By SHERRY HALBROOK
When you build a house, you start with a design and blueprints, and then you dig and pour the foundation. It’s the least glamorous part of the job and the least visible when the house is built, but it’s also arguably the most crucial.

And that’s the stage three PEF retirees working as “heroes” for the Service Employees International Union to get out the vote on November 2 in New Hampshire are at.

“We’re doing the grind work now,” said Neil Tallon, who, along with Natalie Williams and Lynn Tillotson, has been working out of a basement office in Concord since late April.
“We’re very busy calling people and reaching out to SEIU leaders at their worksites,” Williams said. 

They have been visiting worksites once or twice a week to identify and establish contacts with local activists.

“We are working as a team to compile lists of activists who will be willing to help us get voters registered and out to the polls,” Tallon said. 

Voter registration is especially important, they said, because 28 percent of SEIU members in New Hampshire are not registered.

“Voter registration works differently here than in New York,” Tallon said. “You either have to go to your town (or city) clerk’s office to register, or you can register on election day at the polls, if you bring the proper identification with you. We don’t want people to wait until election day, we will try to get them registered well before that.”

They are focusing mainly on PEF’s counterpart, SEIU Local 1984 — the State Employees Association of New Hampshire — which has approximately 8,000 members and is in a head-to-head contract battle with the governor.

“The members here don’t seem to be as accustomed as PEF members are to these prolonged and difficult contract struggles, and this is definitely a hot-button issue for them,” Tallon said. “So, we helped their union mail them ‘No Confidence (in the governor) ballots.’ Of the more than 3,200 that came back, only 47 indicated they had confidence in the governor, and most people wrote comments about why they don’t have confidence in him.”

The PEF team is using those ballots and their comments to identify SEIU members with strong feelings about what is going on and is calling them to ask if they are willing to help mobilize the vote in November, when the governor as well as the president must stand for re-election.

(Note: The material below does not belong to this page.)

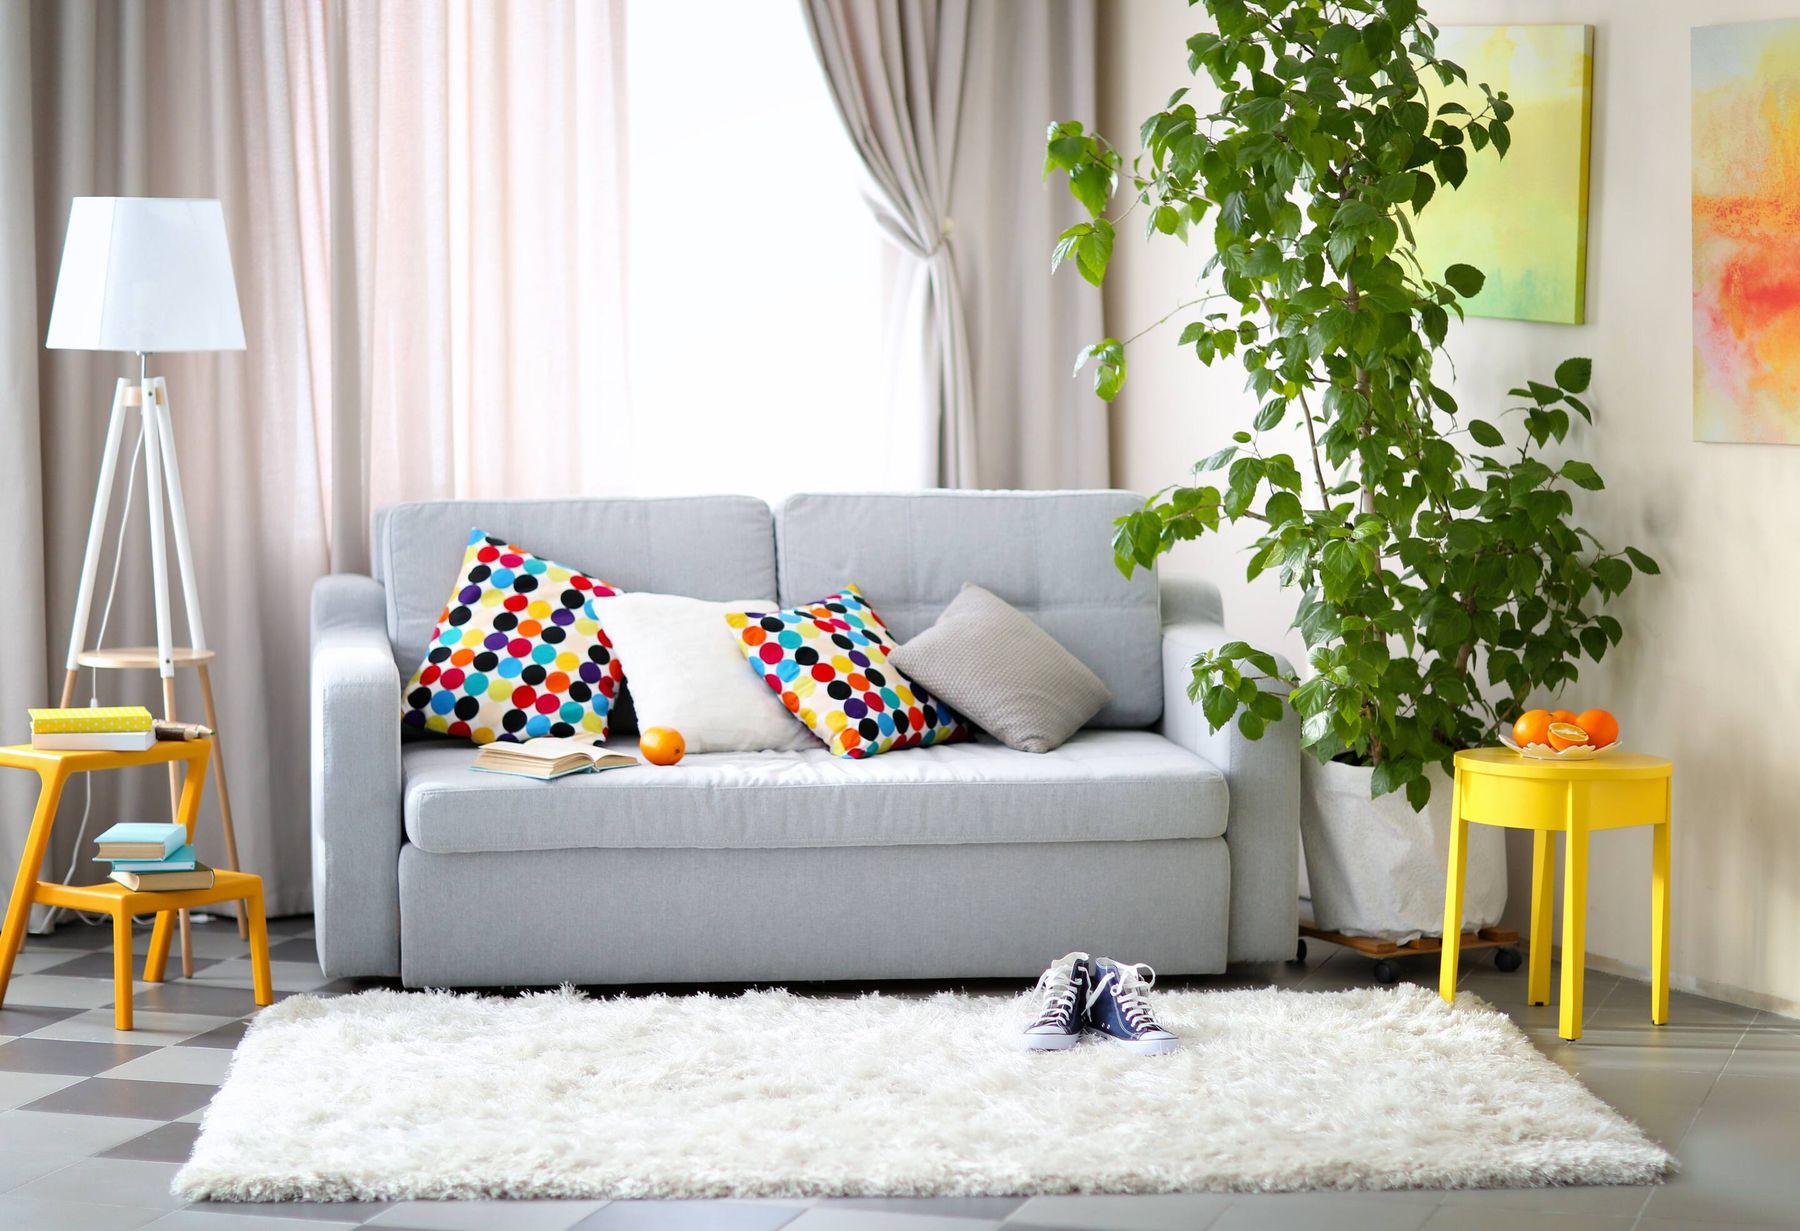 vệ sinh hút bụi ghế sofa giúp sạch bụi bẩn

The team members are visiting worksites and participating in other SEIU and AFL-CIO mobilizing and voter canvassing events looking for contacts they can work with on their voter mobilization campaign.

“We’re trying to find people who can help us get people out to the polls in November,” Tallon said.

The next step in their campaign is to hold worksite meetings for SEIU members to educate them about the campaign issues.

“We want them to know their interests, and vote their interests in November,” Tallon said.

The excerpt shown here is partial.